* _INSTRUCTIONS TO FOLLOW_:
Without including any pictures, write out the data below exactly.

* _DATA SHOWN_:
========

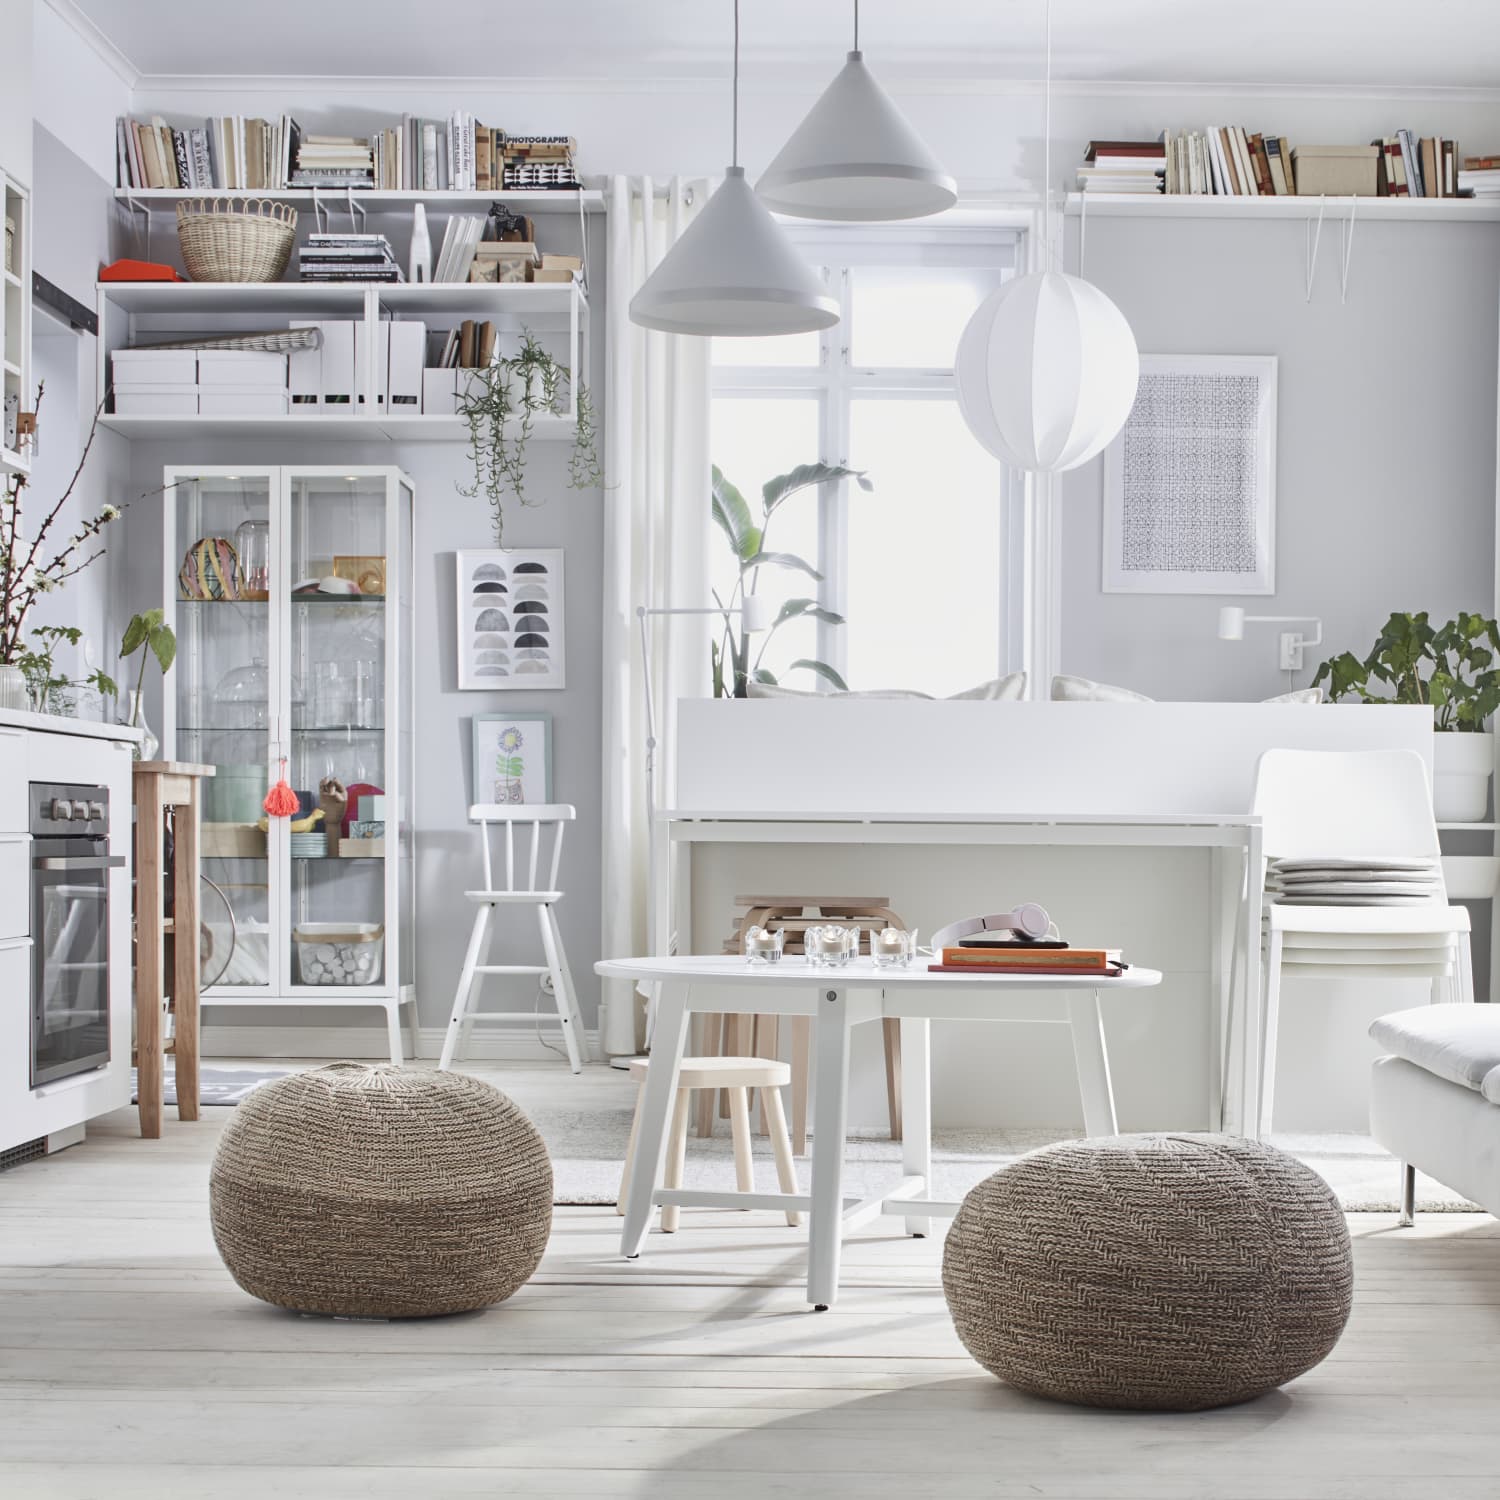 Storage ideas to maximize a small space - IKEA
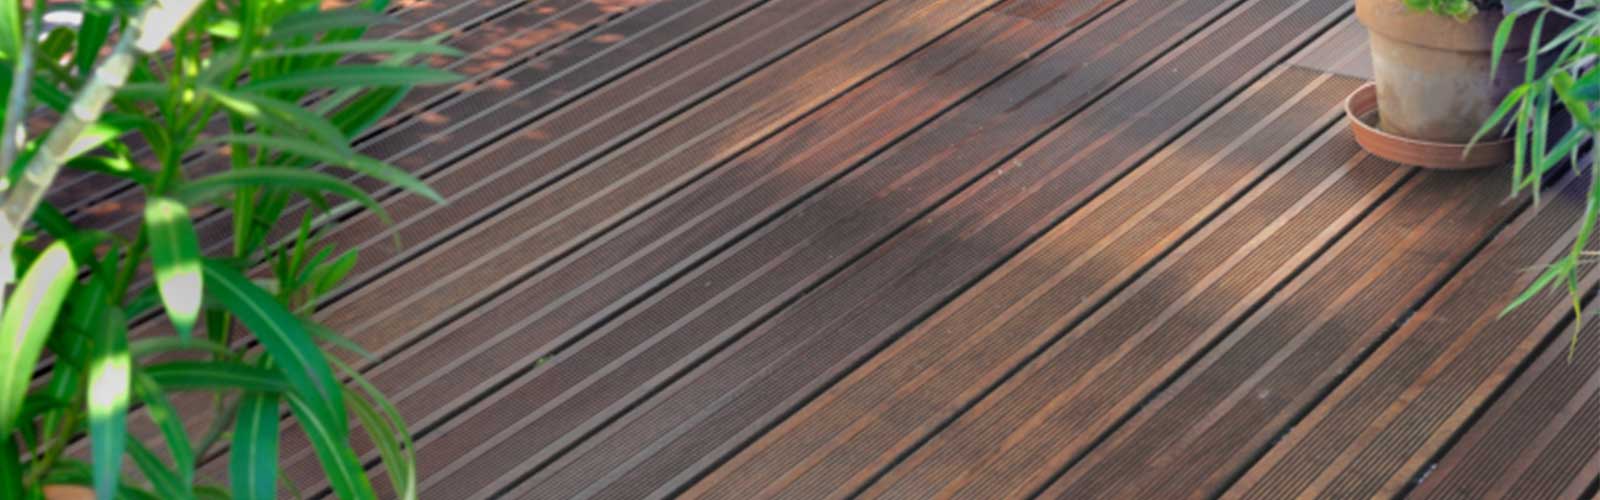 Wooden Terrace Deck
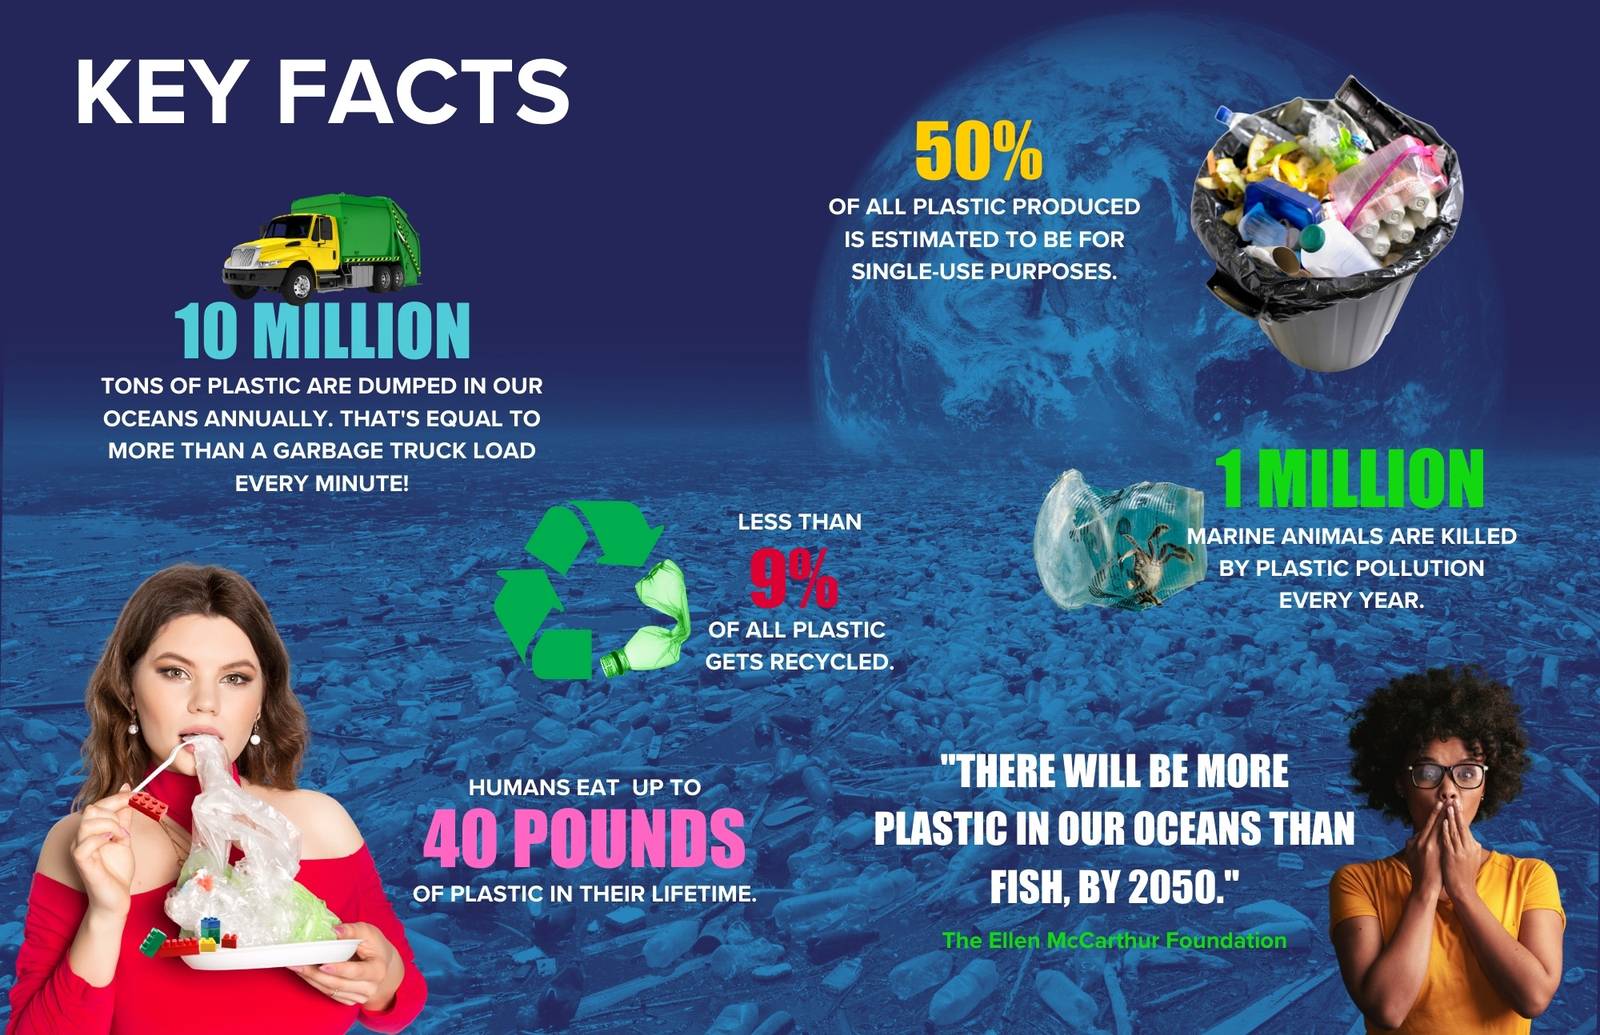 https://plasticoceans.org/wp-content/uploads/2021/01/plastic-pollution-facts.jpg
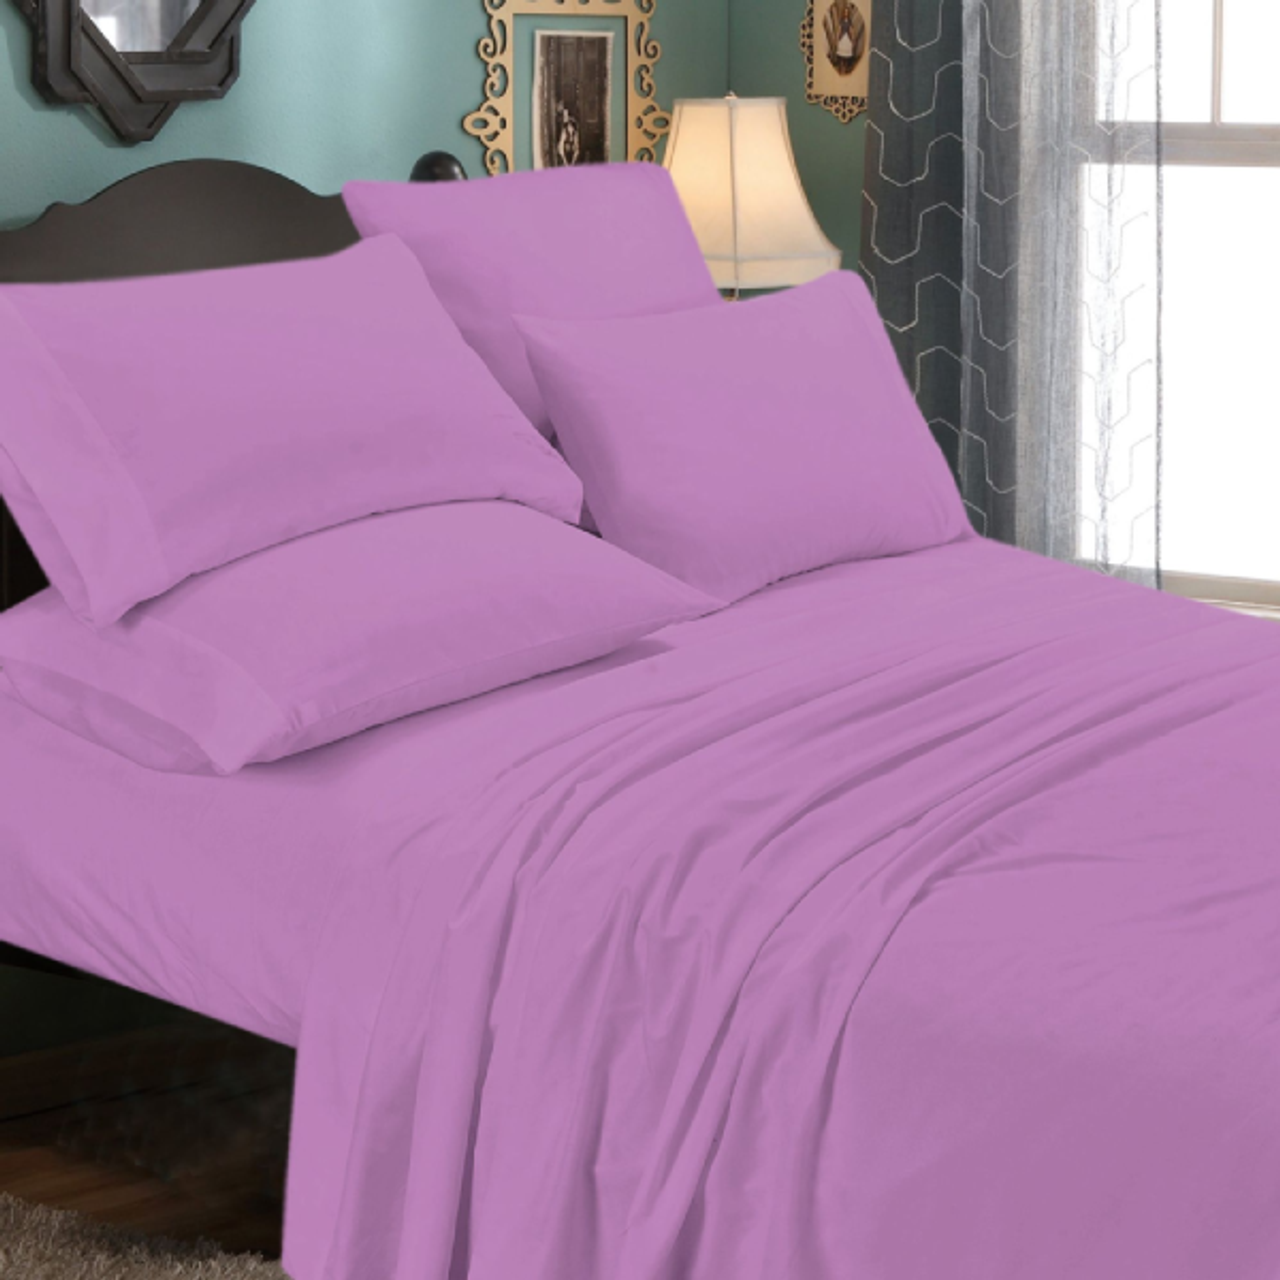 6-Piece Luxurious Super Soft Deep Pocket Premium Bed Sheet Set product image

========

* _OUTPUT FOR THIS TASK_:
 Storage ideas to maximize a small space - IKEA
 Wooden Terrace Deck
 https://plasticoceans.org/wp-content/uploads/2021/01/plastic-pollution-facts.jpg
 6-Piece Luxurious Super Soft Deep Pocket Premium Bed Sheet Set product image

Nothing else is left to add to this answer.